We The Italians | Italian cuisine: Grilled Lamb Chops

Italian cuisine: Grilled Lamb Chops

Italian cuisine: Grilled Lamb Chops

  • WTI Magazine #153 Jul 24, 2022
  • 284

July is National Grilling Month, but this easy and mouthwatering recipe will have you firing up the grill all year long. According to the Tri-Lamb Group, on average, a 3-ounce serving of lamb is lean—about 175 calories. Lean cuts include the leg, loin, and rack. Lamb provides vitamins and minerals and is an excellent source of protein, which helps keep hunger at bay, preserves lean body mass, and regulates blood sugar. 

A 3-ounce serving has 23 grams of protein—nearly half of the daily recommended needs. The same serving size also offers a good dose of heart-healthy monounsaturated fat and almost five times the amount of omega-3 fatty acids as found in beef. 

*Recipe from Italian Recipes for Dummies by Amy Riolo.





*        4 cloves garlic, peeled and minced

*        3 tablespoons Amy Riolo Selections or other good-quality extra virgin olive oil

*        Juice of 1 lemon

*        1 teaspoon finely chopped fresh rosemary or thyme

*        1 teaspoon unrefined sea salt

*        1/2 teaspoon freshly ground black pepper

*        2 1/2 pounds lamb loin chops (or 10 loin chops)


Combine garlic, olive oil, lemon, rosemary, salt, and pepper in a small bowl. Place lamb chops on s large tray, and rub garlic oil mixture all over the chops; set aside while the grill heats. On the gas grill, turn all burners to high, close the lid, and heat until the grates are hot, about 15 minutes. Scrape grates clean. Grill lamb chops for about 6 minutes per side or until cooked to 145 degrees or until desired doneness. Move to a clean plate, and let rest for 5 minutes, covered with aluminum foil before eating.

TIP: Serve this dish with any fresh or spicy tomato sauce except meat ragu. Use leftover meat on salads, in soups, panini, and pasta dishes.

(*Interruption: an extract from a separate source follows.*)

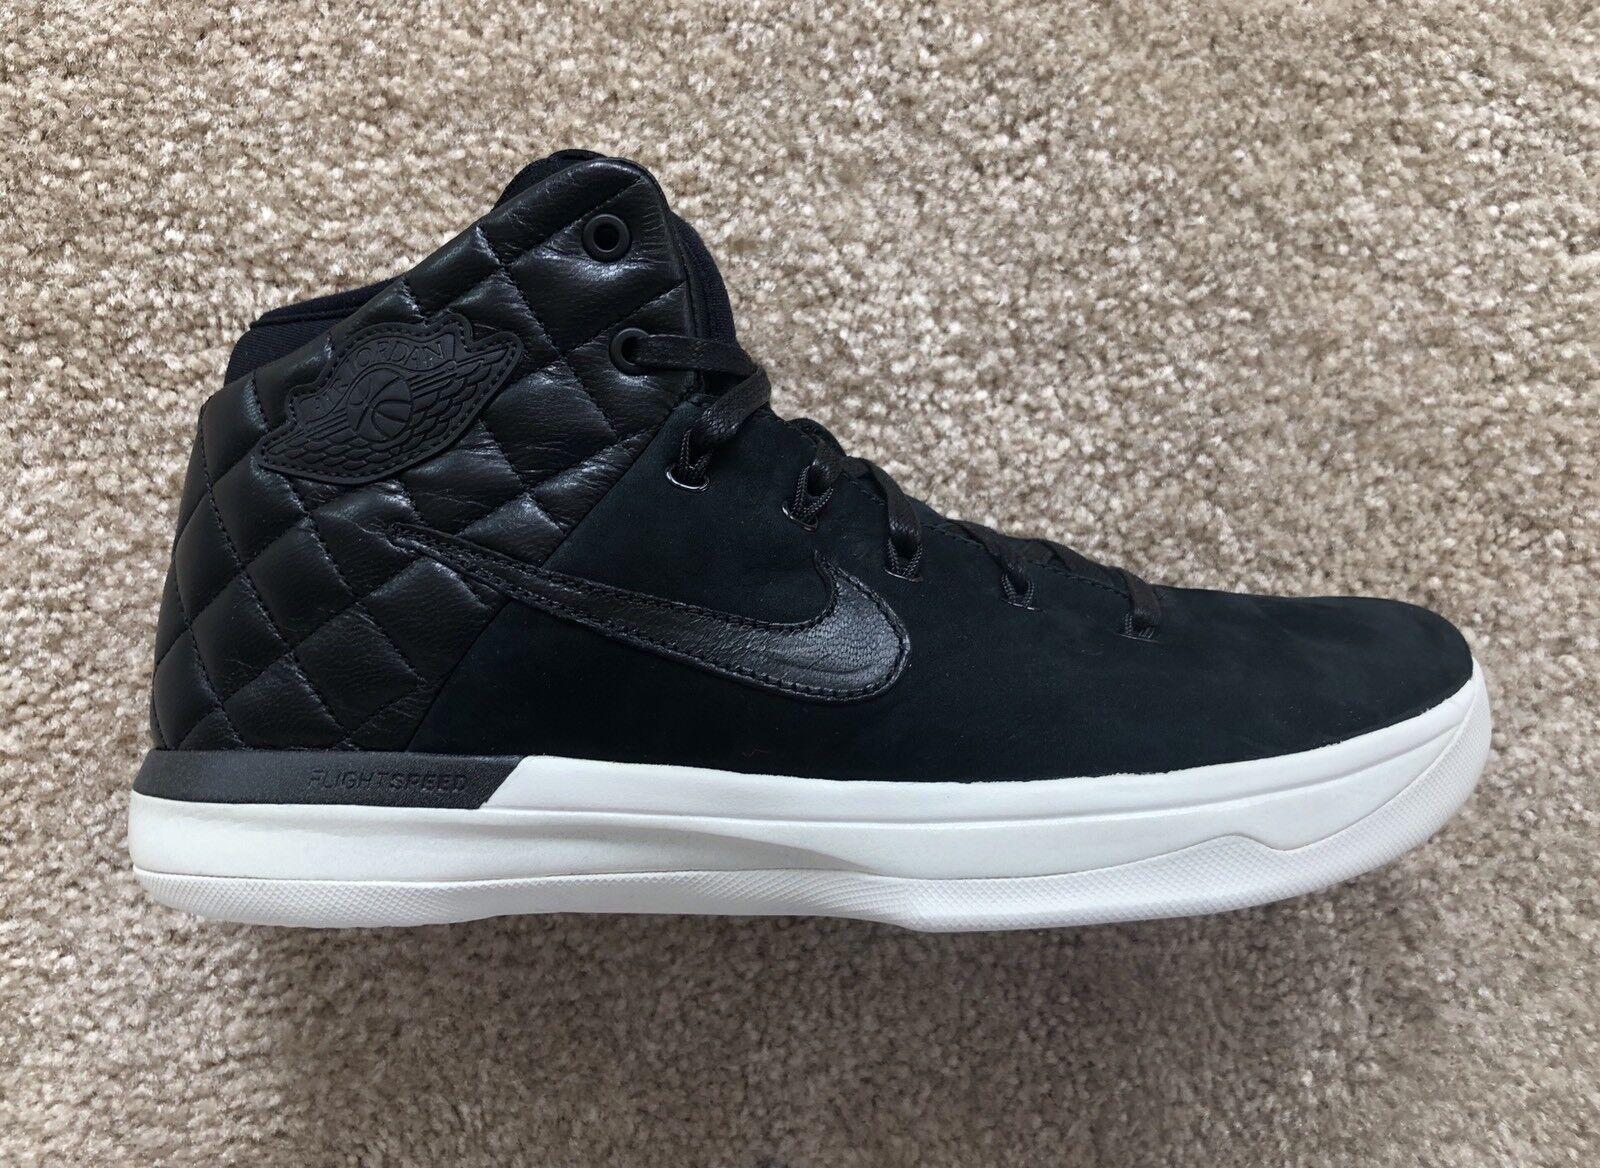 Nike Air Jordan XXXI 31 EP Cyber Monday Black Cat Shoes 854270-001 Size 11
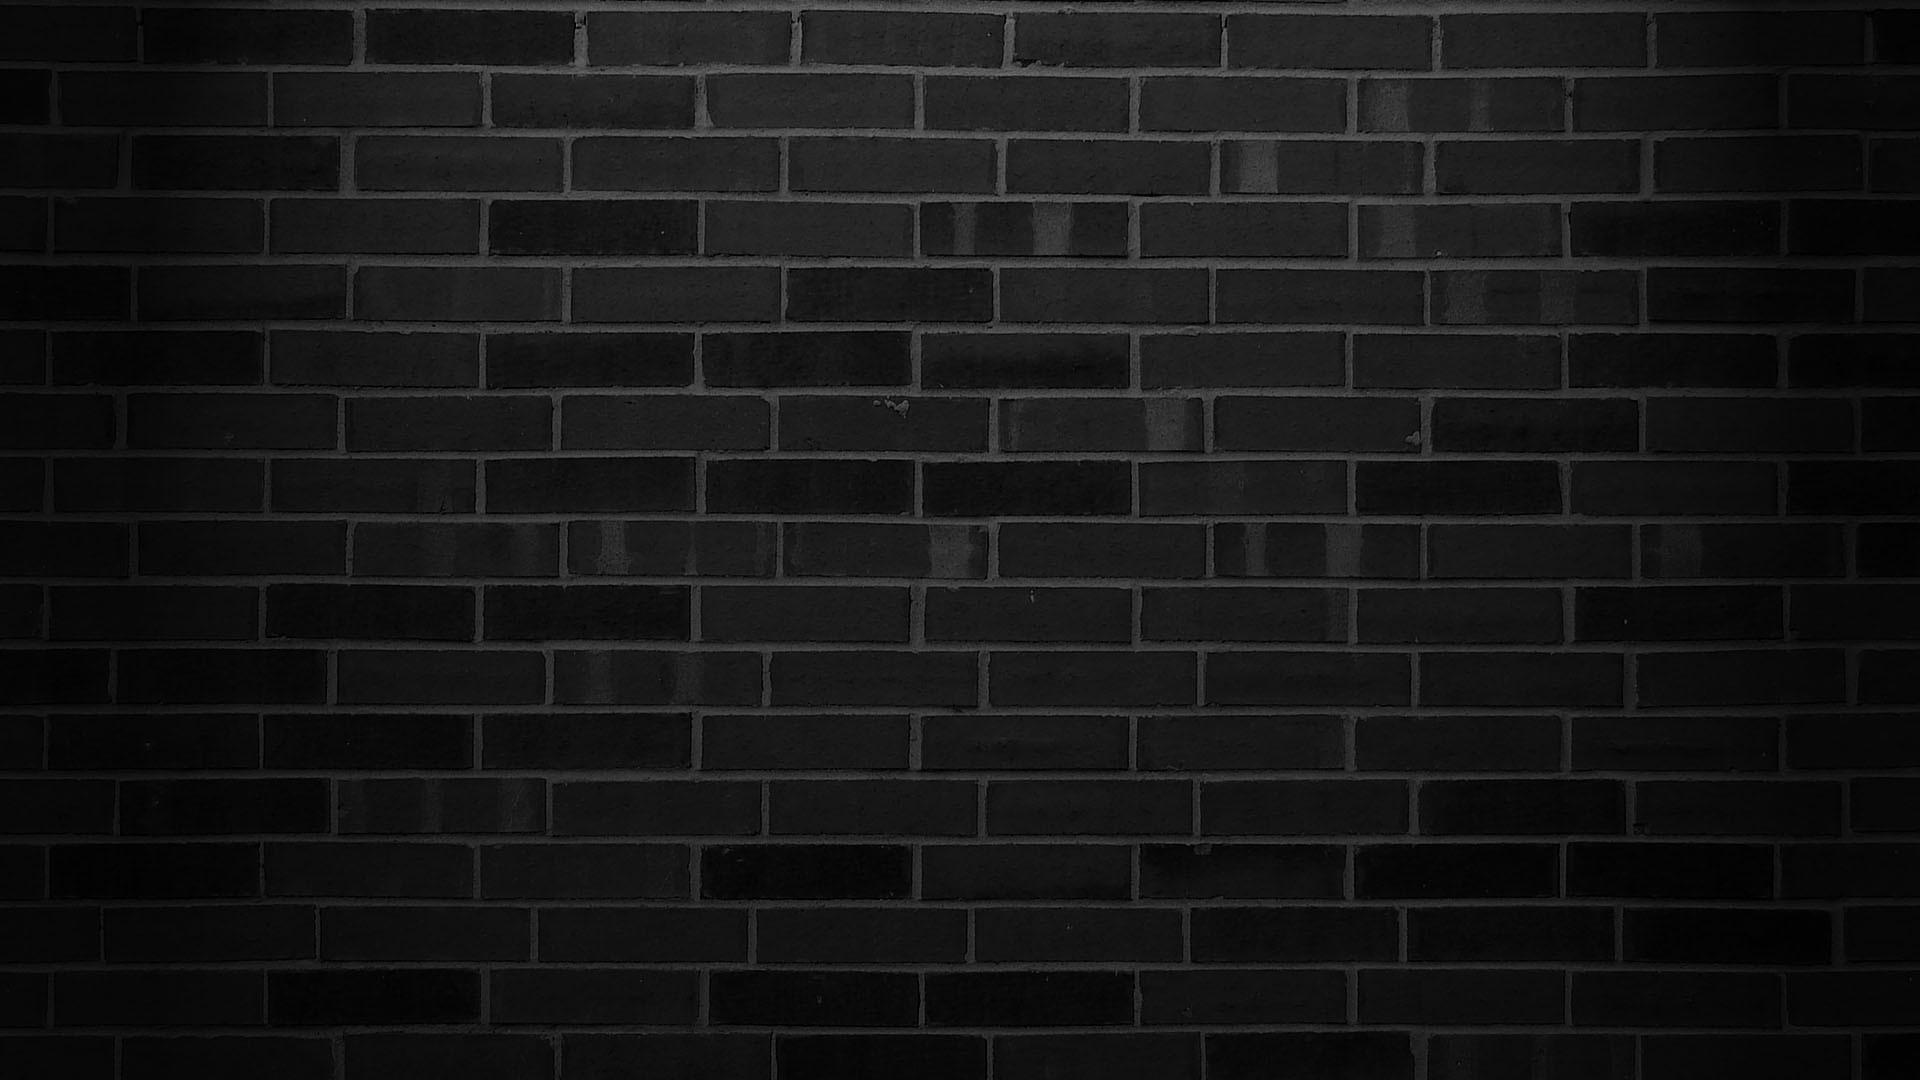 Fondos De Pantalla : Negro, Monocromo, Minimalismo, Pared

Pair this dish with a bottle of Sagrantino di Montefalco or similar. Dark in color, it has a captivating sense of smell where the variety of forest scents are concentrated. The sip is broad, thick or “chewable,” dry, and with a long and persistent finish.

NOTE: Rubbing the lamb with the marinade prior to grilling helps protect it from the carcinogens that are associated with grilling, in addition to giving it great flavor.


Goat and veal can also be prepared this way.